The nurses who were taking care of my M O T H E R had turned her towards me so that I could see her, because...I was not allowed to go into the room to see her, touch her, hug her, or kiss her, because...of the COVID19 virus had taken over every one's lives. I sat there in that wheelchair and I stared at my M O T H E R with tears in my eyes. It was a sight to see her hook up to everything I could think of her being hooked up to. She was not breathing on her own or responding to anything. My thoughts were, "I did not want to see my M O T H E R like she was and I wanted everything that she was hooked to taken off of her immediately."  

It was like, "I did not want to see my M O T H E R suffering anymore, because...she suffered enough throughout. She had a good 22 years since she had her magic kidneys and then after her kidneys shut down she been off and on Dialysis and that she had been in and out of the hospital." I knew that my M O T H E R would of wanted to be taken off of what was keeping her alive. Before I decided, I apologized to my M O T H E R for everything I did to her. I apologize for always yelling at my M O T H E R. I apologize for always trying to be right when I knew I was wrong for everything I done to upset my M O T H E R. I apologized for not being the daughter she wanted me to be. 

"In my heart, I know she heard my apology." I think about the times I did those things to my M O T H E R, all I be is ashamed of what I was to her. I cannot get back from my M O T H E R of what I should of been to her as her daughter in the first place. I got to live with that! I told my M O T H E R that I loved her unconditionally. 

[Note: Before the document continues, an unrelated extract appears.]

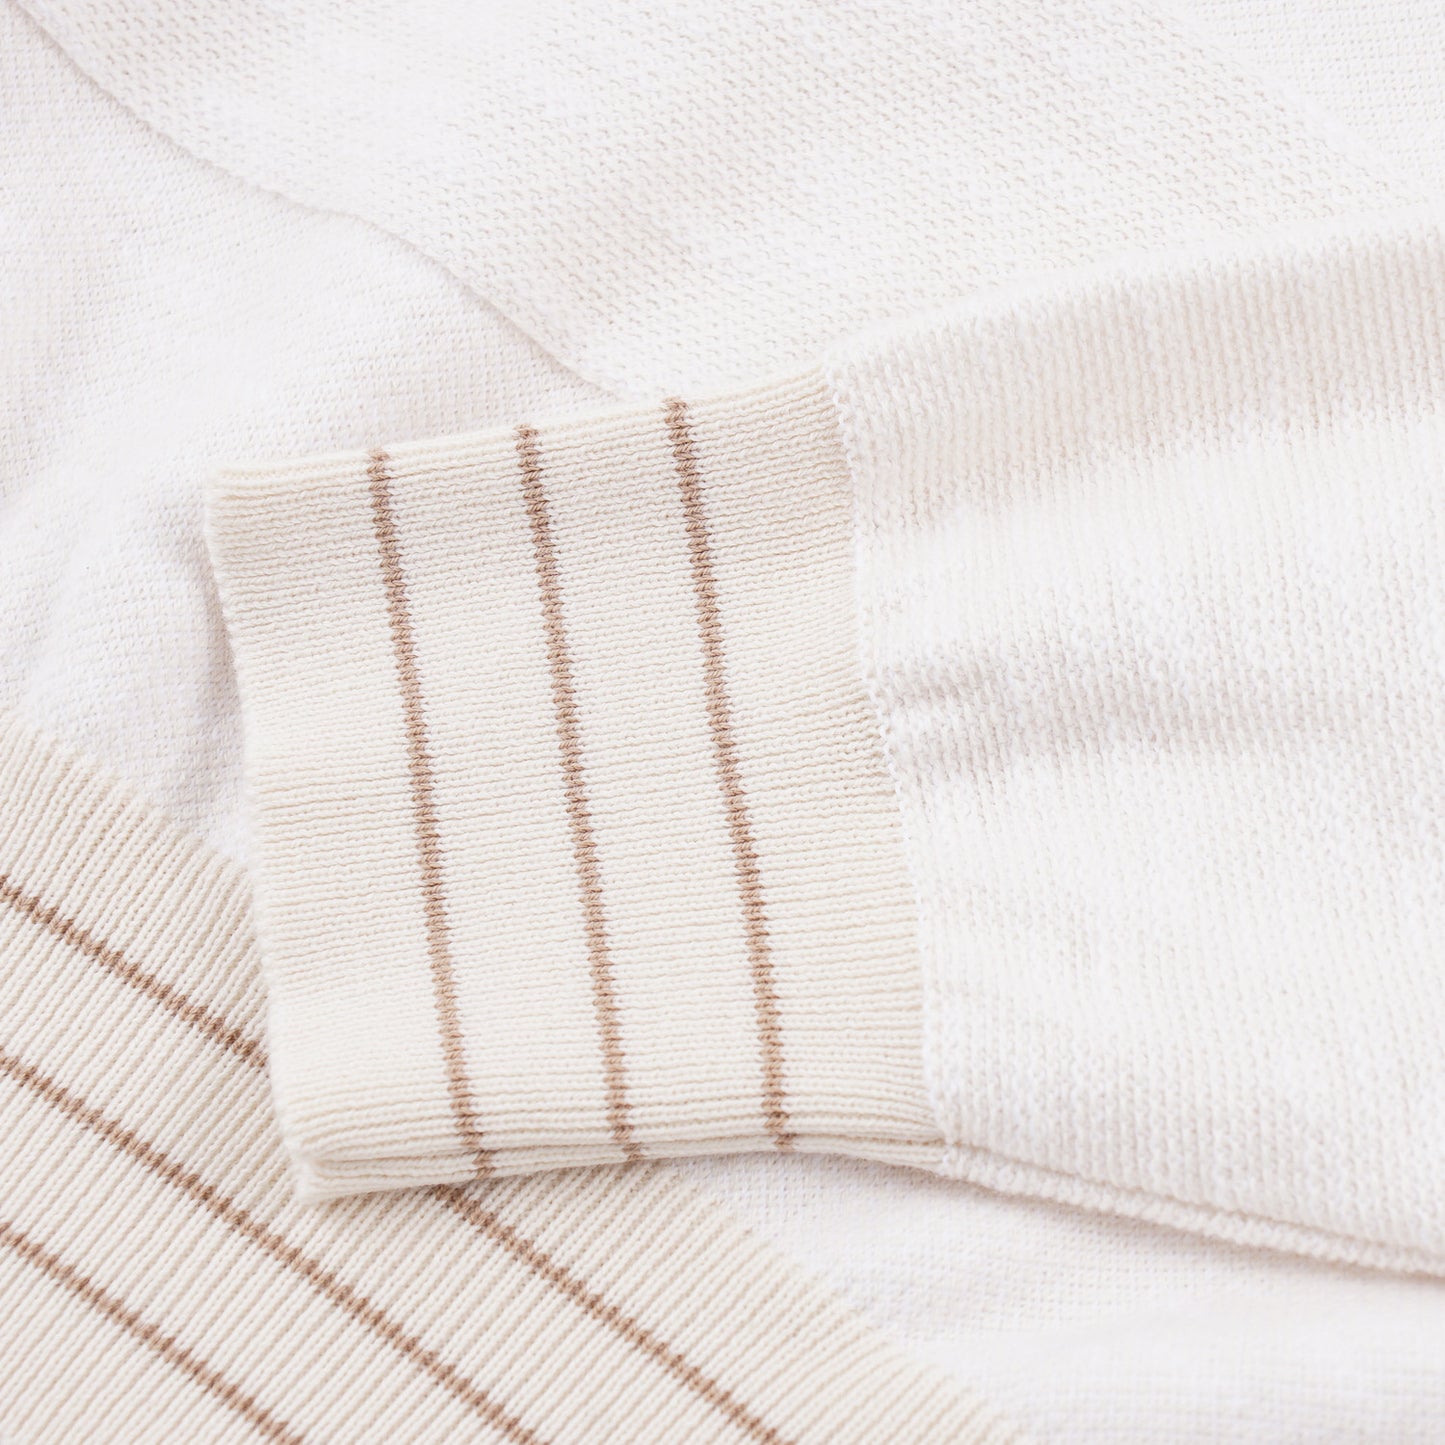 Peserico Knit Block Stripe Cotton Sweater - Top Shelf Apparel

And then...I made the hardest decision I had to make concerning my M O T H E R S fate." It took me 10 minutes to fill out the papers to remove the ventilator and all the bags of medications my mother was hooked to. I hesitated as I looked at my M O T H E R with tears in my eyes and then...I signed and I did not know how I signed, because...I had so many tears in my eyes. I was the last one to see my M O T H E R before I had the male nurse to take me away from my M O T H E R S hospital room, because...I did not want to see her nurses remove the ventilator or any of the medications she was hooked to. I would of been too painful to me. 

I was taken to my car by wheelchair, because...I was too numb to walk. As I looked back at the hospital, I wondered how long it would of taken after the ventilator and all the medicines and wires were taken off of my M O T H E R before she passed away peacefully, because...my M O T H E R looked like she was in total peace the last I saw of her. From the time I left the hospital, it was a little after 4:00 pm. It took almost 2 hours; my M O T H E R passed away very peacefully. She was in no more pain; she was not suffering; no more crying, no more Dialysis, no more in and out of the hospital. 

My M O T H E R was gone to GLORY! My sister Sherri, my brother Wesley, and I had to let our M O T H E R go, because...we did not want her to suffer anymore in her lifetime. We wanted her to have a wonderful life in Heaven as she lived a wonderful Christian life in the name of GOD and his son JESUS. Our M O T H E R was a beautiful woman in her FAITH and in her HEART. Especially...in love for every one known and unknown. "She was a Legend of Love!"